New Zealand Central Bank Breach Hit Other Companies

A data breach at New Zealand’s central bank affected other customers of a file-sharing service, potentially exposing sensitive information, it has emerged.

The Reserve Bank of New Zealand issued a brief statement on Sunday noting that the incident affected a third-party file-sharing service used by the institution.

Although the breach has been contained, an urgent investigation into the unauthorized access has begun.

However, in an update on Monday, it revealed the name of the vendor affected: Accellion. The Palo Alto-headquartered firm’s File Transfer Application (FTA) was targeted by malicious third parties, presumably going after the sensitive info stored and shared via the service.

“We are actively working with domestic and international cybersecurity experts and other relevant authorities as part of our investigation. This includes the GCSB’s National Cyber Security Center which has been notified and is providing guidance and advice,” said governor Adrian Orr, in a statement.

“We have been advised by the third-party provider that this wasn’t a specific attack on the Reserve Bank, and other users of the file sharing application were also compromised.”

Reports claim that a vulnerability in the legacy FTA product was patched by Accellion in mid-December, hinting that those customers affected in this attack may not have updated their systems.

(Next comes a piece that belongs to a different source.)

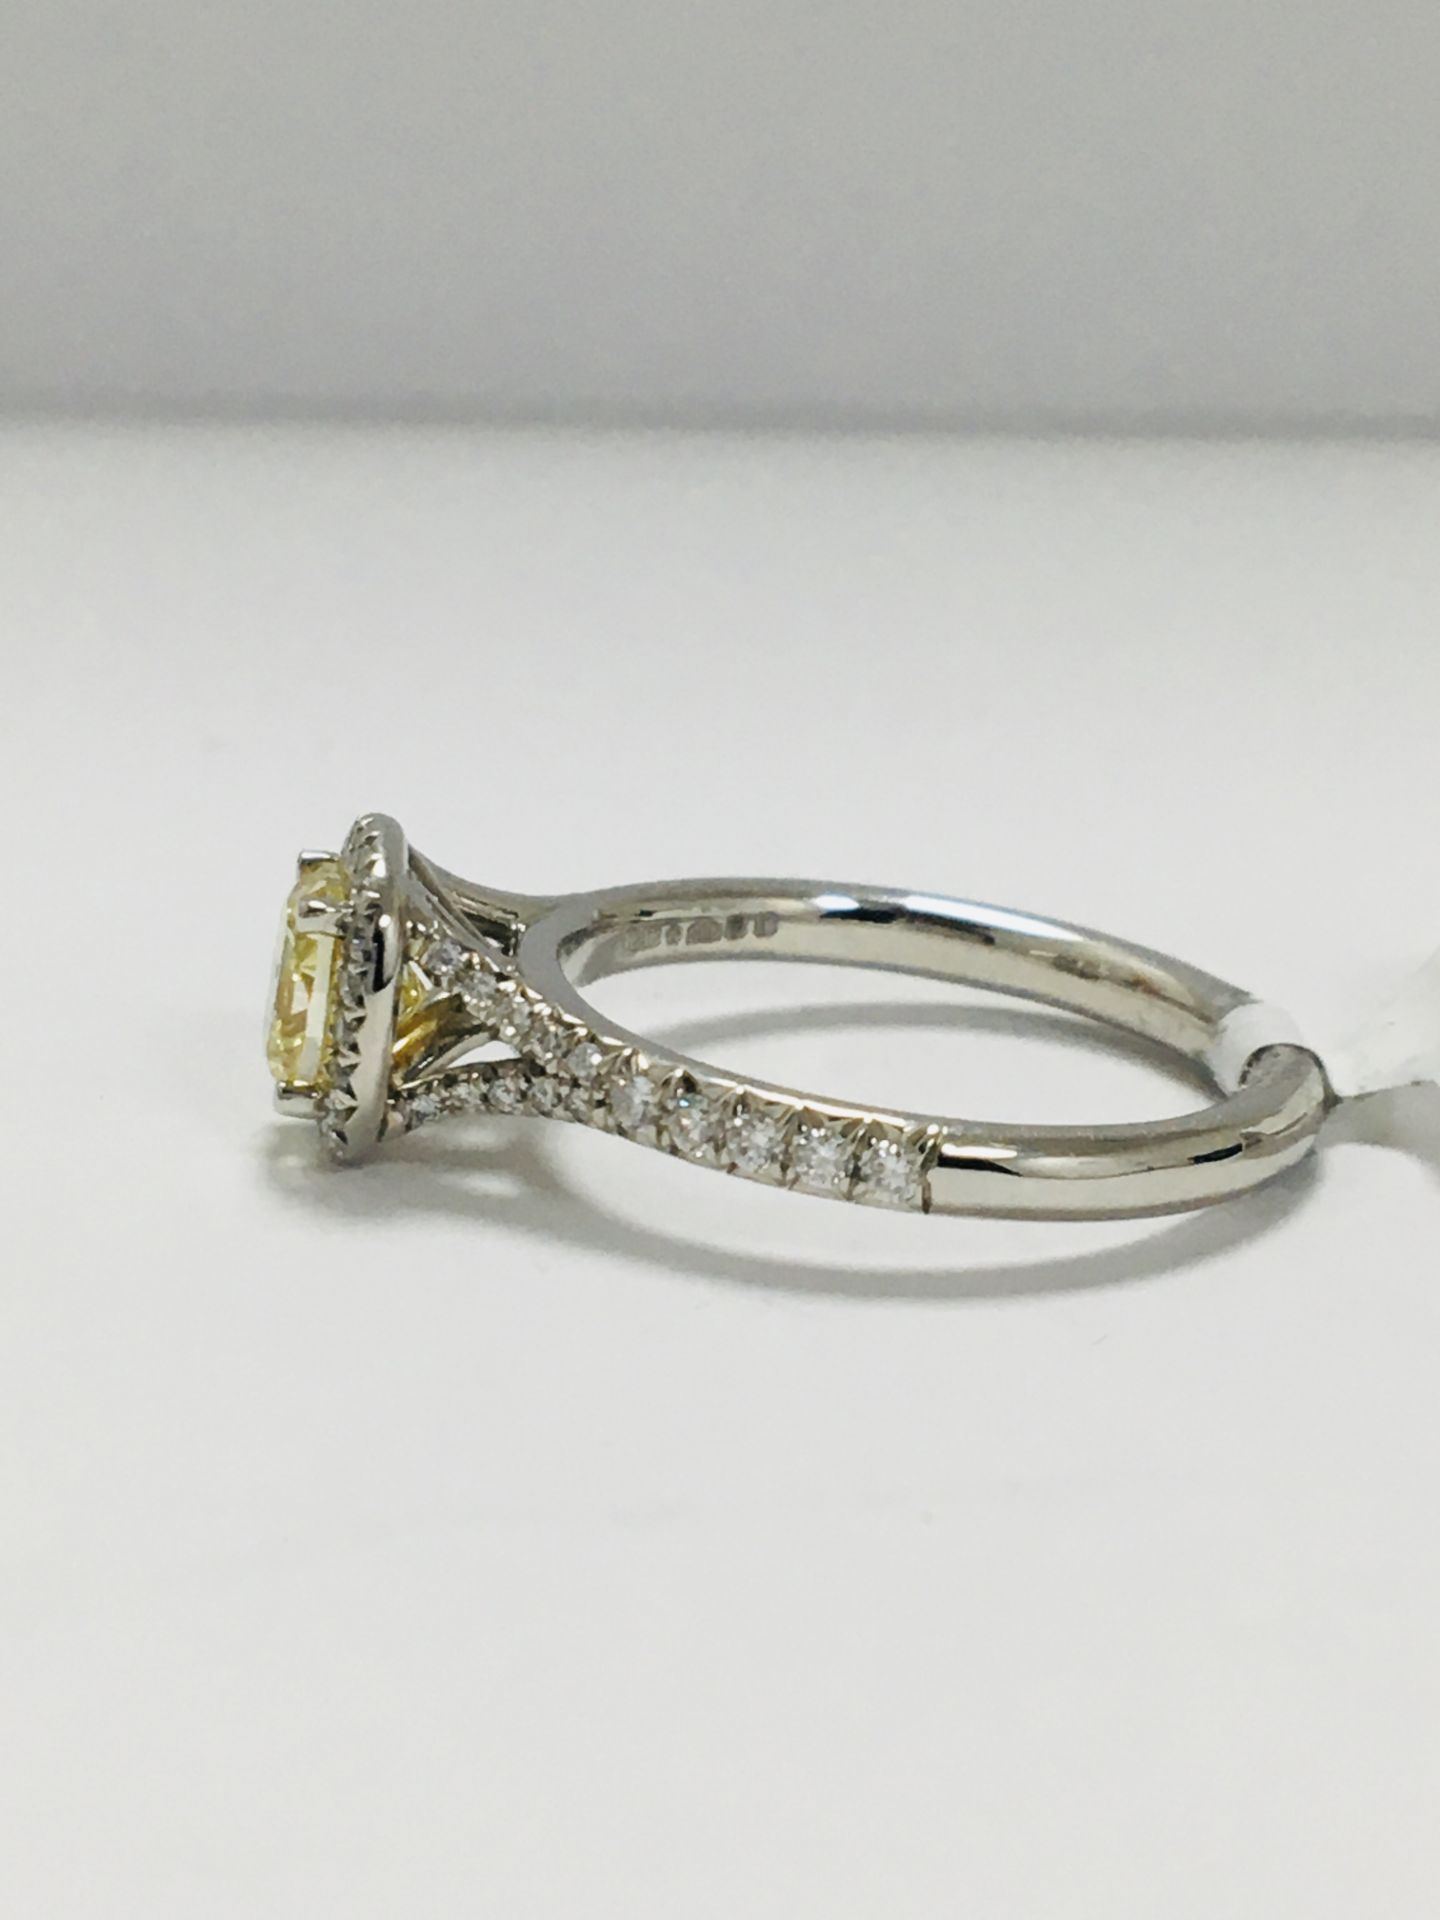 18Ct White Gold Diamond Ring - Image 2 of 6

“Many organizations in New Zealand are still quite conservative when it comes to cyber-protection – with increased infrastructure complexity and dependencies on modern systems, this makes them more susceptible to external attacks and to internal mistakes caused by the human factor,” argued Acronis CISO, Kevin Reed. 

“New Zealand is still ranked among the top 50 countries for cybersecurity, and has been stepping up on measures to boost its cyber-defenses, taking part in intelligence sharing with other major countries around the world – which, ironically, makes it a juicy target for attackers.”